Выбрать главу

— Как не пустил? — дико и жалобно закричал вдруг Шуйский и побелел.

Испуганный криком его Варнавицкий затрясся и юркнул под одеяло.

— Так вот и не пустил, — ответил Раскин и рассмеялся с каким-то непонятным и жутким весельем.

В это время дали свет, который как бы спугнул ясность мысли Раскина; так налетевший ветер мгновенно искажает гладкую и прозрачную поверхность озера, колебля, дробя и ломая отражения.

Исповедь Раскина потрясла Родиона. Он вдруг вспомнил длинный состав наглухо запертых теплушек, охраняемый часовыми, и его опалило стыдом, гневом и скорбью, как если бы и он виновен был в том, что целый народ, с детьми и женщинами, больными и старцами, увечными и убогими, облыжно обвинен в шпионаже. И Родион заплакал от горя и обиды, закрыв лицо руками.

Глава тринадцатая

Аникеев постигает философский смысл своей идеи

Ков-Кович редко пробуждался от обычного своего оцепенения и неподвижности. Но если и приходил ненадолго в себя, то всегда с одним и тем же вопросом: «Кто я?» Он испуганно озирался по сторонам, как человек, который проснулся в незнакомом месте, среди незнакомых людей. Иногда ему не успевали ответить, а он уж вновь впадал в привычный транс, оцепенев и застыв: не мигали его веки, не шевелились губы, и ни один мускул не вздрагивал в лице.

Сегодня он как будто прочно очнулся. Взор его был осмысленный и зрячий, лицо — изумленное и тревожное.

— Кто я? Где я? Кто эти люди? — И, не ожидая ответа, добавил в замешательстве — В окне решетки, на мне тюремный халат. Это что, тюремная больница?

— Да, больница, только не тюремная, — ответил Родион.

— А я кто?

— Вы Ков-Кович.

— Ков-Кович? — недоверчиво переспросил старик и покачал белой, косматой головой. — Нет, это не я, это мой сосед по камере. Он сидел справа от меня. Слева никого не было. Моя камера была крайняя. Мы с ним перестукивались. — Старик задумался, что-то вспоминая, потом провел обеими руками по глазам, как бы снимая с них повязку. — Не знаю, что с ним сталось. Нас разлучили. Я снова был один. Время остановилось и умерло, и вместе со временем умер и мой рассудок. — Он снова надолго умолк, наморщив лоб.

Вдруг вздрогнул и заговорил с лихорадочной поспешностью, словно боясь, что все то, что воскресло и ожило в памяти так неожиданно и внезапно, может так же внезапно и мгновенно угаснуть.

Он вспомнил мартовский день, когда с первым весенним блещущим солнцем, дробящимся в звонкой капели, переступил порог Алексеевского равелина, свою одиночку, в которой ему суждено было прожить долгие годы. Его взяли за то, что он якобы готовил покушение на государя. Ему было девятнадцать лет.

Вначале он бился о камни каземата, призывая смерть-избавительницу.
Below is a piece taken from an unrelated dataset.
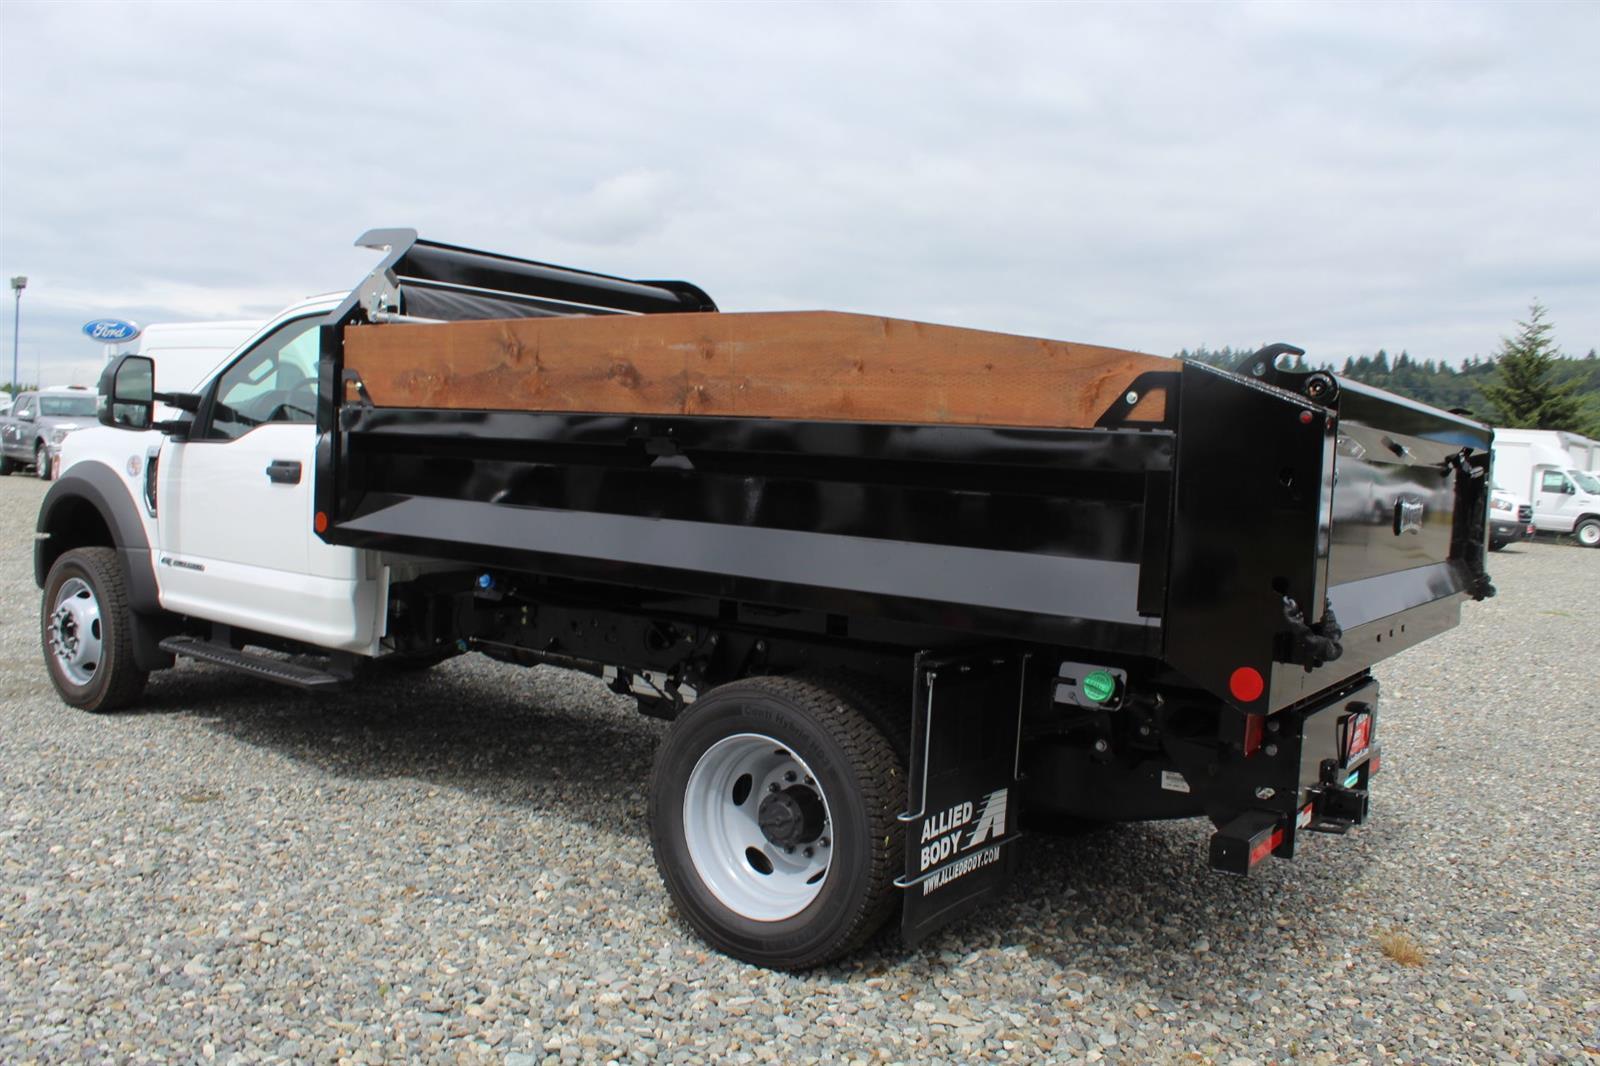 2020 Ford F-550 Regular Cab DRW 4x4, Knapheide Rigid Side Dump Body #E9514 - photo 2

Но понемногу образумился: ведь когда-нибудь он выйдет из темницы. И вот он изо дня в день, месяц за месяцем и год за годом бегал по камере — шесть шагов в длину, три — в ширину, бегал не менее трех часов, чтобы не дать одряхлеть мышцам.

Единственная книга, которую ему дозволено было читать, была библия. Он читал ее и перечитывал сотни раз, пока не затвердил наизусть. И тогда она открыла ему свои тайны, и он по-новому прочитал историю всех царств и всех времен.

Потом появился сосед. Они перестукивались по ночам. Теперь жизнь окрасилась новым смыслом. Как путник в знойной пустыне ждет ночной прохлады, так он ожидал того благостного часа, когда в мертвой ночной тиши раздастся легкий, троекратный, едва уловимый стук в стену.

— Вам, может, не следует предаваться воспоминаниям? — сказал осторожно Шуйский, показывая глазами на купеческого сына, который, по обыкновению, спал или притворялся спящим.

В ту пору даже сумасшедшие дома были наводнены негласными осведомителями охранки.

Удивительно, но старик Ков-Кович понял намек, — очевидно, и в его время порядки были те же.

— А что со мной могут сделать больше того, что уже сделали? — спросил он. — Что можно сделать с человеком, который даже не знает, как его зовут?

Бредил Раскин, тянул свою песенку Варнавицкий, всхрапывал купеческий сын, вновь метался Шуйский, уподобясь безумцу, который разбил зеркало, чтобы спастись от собственного отражения, и лишь размножил его в бесчисленных осколках. И только Родион сидел возле всклокоченного старика и слушал его темный бред.